═════ EXCERPTED RECORDS ═════

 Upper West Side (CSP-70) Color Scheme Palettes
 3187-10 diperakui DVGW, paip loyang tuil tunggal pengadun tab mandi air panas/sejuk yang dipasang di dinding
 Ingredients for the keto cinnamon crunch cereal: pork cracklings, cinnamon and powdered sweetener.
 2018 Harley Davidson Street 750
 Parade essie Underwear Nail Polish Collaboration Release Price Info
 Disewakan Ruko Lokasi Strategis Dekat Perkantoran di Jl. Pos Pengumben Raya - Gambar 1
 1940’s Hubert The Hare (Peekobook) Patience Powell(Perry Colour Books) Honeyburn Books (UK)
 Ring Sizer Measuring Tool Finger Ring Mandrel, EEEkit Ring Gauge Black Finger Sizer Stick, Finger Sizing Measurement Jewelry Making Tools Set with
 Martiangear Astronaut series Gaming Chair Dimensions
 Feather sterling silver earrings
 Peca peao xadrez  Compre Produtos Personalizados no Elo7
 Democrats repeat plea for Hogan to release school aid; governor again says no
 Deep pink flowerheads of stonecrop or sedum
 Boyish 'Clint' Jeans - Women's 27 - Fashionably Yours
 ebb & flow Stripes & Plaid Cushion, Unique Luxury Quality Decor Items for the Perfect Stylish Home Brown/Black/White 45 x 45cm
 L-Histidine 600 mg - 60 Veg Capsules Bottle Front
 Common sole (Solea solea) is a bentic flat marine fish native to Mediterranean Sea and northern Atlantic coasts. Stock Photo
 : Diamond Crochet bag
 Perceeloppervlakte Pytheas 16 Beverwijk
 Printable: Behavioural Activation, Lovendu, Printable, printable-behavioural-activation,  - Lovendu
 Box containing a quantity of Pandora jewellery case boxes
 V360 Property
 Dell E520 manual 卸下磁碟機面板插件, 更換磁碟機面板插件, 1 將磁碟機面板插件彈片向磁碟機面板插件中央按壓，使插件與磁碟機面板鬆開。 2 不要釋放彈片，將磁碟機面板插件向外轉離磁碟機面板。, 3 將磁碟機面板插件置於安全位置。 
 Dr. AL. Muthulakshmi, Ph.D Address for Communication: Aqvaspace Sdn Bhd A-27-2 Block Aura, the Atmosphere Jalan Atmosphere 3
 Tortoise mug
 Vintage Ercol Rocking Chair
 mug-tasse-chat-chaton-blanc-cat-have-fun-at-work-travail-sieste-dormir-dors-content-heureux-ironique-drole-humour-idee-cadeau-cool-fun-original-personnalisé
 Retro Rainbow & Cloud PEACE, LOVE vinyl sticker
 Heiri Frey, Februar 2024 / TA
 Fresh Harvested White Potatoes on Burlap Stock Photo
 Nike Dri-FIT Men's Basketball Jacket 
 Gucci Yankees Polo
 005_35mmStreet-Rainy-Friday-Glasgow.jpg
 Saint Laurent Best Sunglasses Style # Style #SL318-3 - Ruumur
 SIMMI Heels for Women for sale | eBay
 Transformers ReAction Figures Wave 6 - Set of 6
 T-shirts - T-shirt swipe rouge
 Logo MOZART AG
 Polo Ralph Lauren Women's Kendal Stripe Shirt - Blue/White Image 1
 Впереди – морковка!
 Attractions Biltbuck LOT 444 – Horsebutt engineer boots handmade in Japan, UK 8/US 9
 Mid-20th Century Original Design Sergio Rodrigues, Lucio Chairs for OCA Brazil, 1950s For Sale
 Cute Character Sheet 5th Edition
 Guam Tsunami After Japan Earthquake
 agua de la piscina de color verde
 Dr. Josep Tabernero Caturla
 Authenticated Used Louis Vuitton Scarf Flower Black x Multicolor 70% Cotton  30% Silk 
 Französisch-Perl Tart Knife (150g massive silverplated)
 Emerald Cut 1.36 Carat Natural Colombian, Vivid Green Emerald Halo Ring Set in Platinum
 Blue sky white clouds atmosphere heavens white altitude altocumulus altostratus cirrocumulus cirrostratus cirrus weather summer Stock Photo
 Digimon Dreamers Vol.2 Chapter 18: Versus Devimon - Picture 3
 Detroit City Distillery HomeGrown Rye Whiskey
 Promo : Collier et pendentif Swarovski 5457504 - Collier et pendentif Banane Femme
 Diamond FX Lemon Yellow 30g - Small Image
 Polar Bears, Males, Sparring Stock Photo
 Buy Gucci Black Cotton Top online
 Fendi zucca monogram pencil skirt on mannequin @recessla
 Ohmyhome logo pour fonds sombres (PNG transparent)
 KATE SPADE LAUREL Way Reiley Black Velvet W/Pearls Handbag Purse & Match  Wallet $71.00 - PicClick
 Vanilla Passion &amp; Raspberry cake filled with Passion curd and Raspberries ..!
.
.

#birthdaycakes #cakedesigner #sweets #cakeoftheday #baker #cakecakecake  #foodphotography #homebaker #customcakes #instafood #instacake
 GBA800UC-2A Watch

═════

=== WHAT TO DO ===
In the listing above, show every line with the word "Blue".

=== OUTPUT FOR THIS TASK ===
 Polo Ralph Lauren Women's Kendal Stripe Shirt - Blue/White Image 1
 Blue sky white clouds atmosphere heavens white altitude altocumulus altostratus cirrocumulus cirrostratus cirrus weather summer Stock Photo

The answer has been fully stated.